So far, it many not be clear why it is worth the trouble to create all these new functions. Actually, there are a lot of reasons, but this example only demonstrates two:

1. Creating a new function gives you an opportunity to name a group of statements. Functions can simplify a program by hiding a complex computation behind a single command, and by using English works in place of arcane code. which is clearer, `new_line` or `cout << endl`?

2. Creating a new function can make a program smaller by eliminating repetative code. For example, a short way to print nine connective new lines is to call `three_lines` three times. How would you pring 27 new lines?

## 3.6. Function calls and order of execution¶

When you look at a program that contains several functions, it is tempting to read it from top to bottom, but that is likely to be confusing, because that is not the order of execution of the program.

Execution always begins at the first statement of `main`, regardless of where it is in the program (often it is at the bottom). Statements are executed one at a time, in order, until you reach a function call. Function calls are like a detour in the flow of execution. Instead of going to the next statement, you go to the first line of the called function, execute all the statements there, and then come back and pick up where you left off.

That sounds simple enough, except that you have to remember that one function can call another. Thus, while we are in the middle of `main`, we might have to go off and execute the statements in `three_lines`. But while we are executing `three_lines`, we get interrupted three times to go off and execute `new_line`.

Fortunately, C++ is adept at keeping track of where it is, so each time `new_line` completes, the program picks up where it left off in `three_lines`, and eventually gets back to `main` so the program can terminate.

What’s the moral of this sordid tale?
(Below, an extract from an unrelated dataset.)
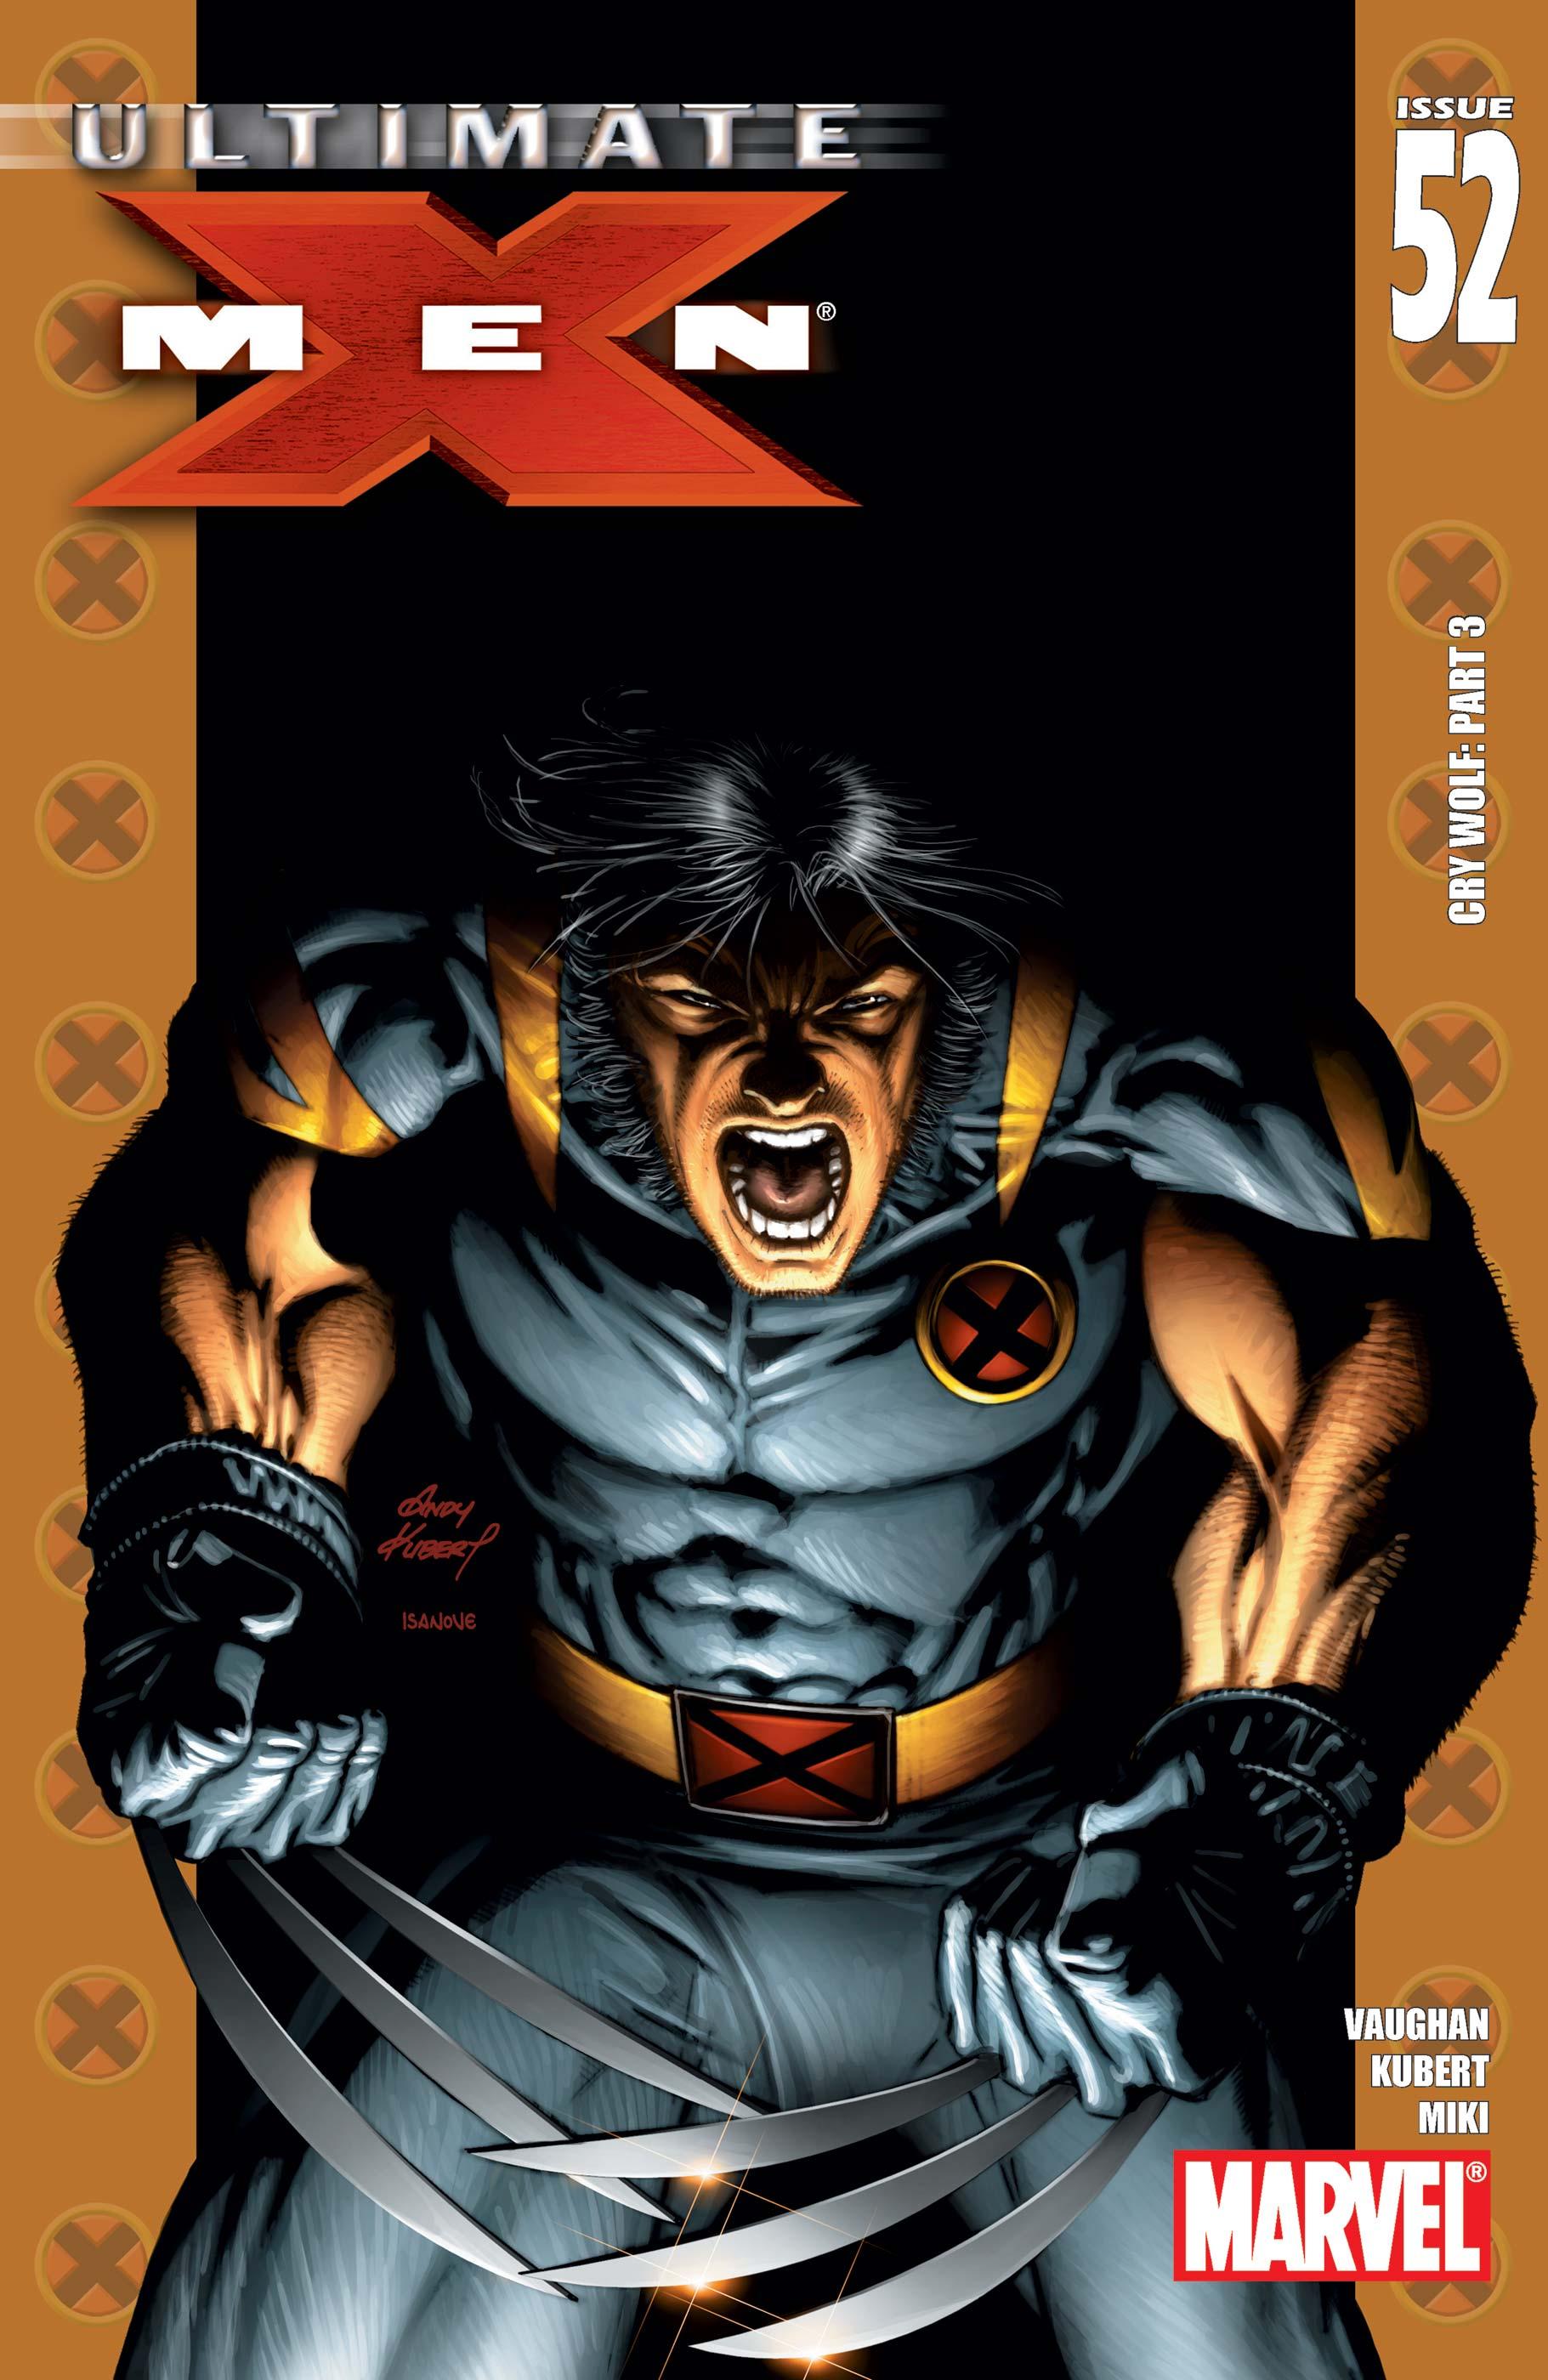 Ultimate X-Men (2000) #52

When you read a program, don’t read from top to bottom. Instead, follow the flow of execution.

## 3.7. Parameters and arguments¶

Some of the built-in functions we have used have parameters, which are values that you provide to let the function do its job. For example, if you want to find the sine of a number, you have to indicate what the number is. Thus, `sin` takes a `double` value as an argument.

Some functions take more than one argument, like `pow`, which takes two `double`s, the base and the exponent.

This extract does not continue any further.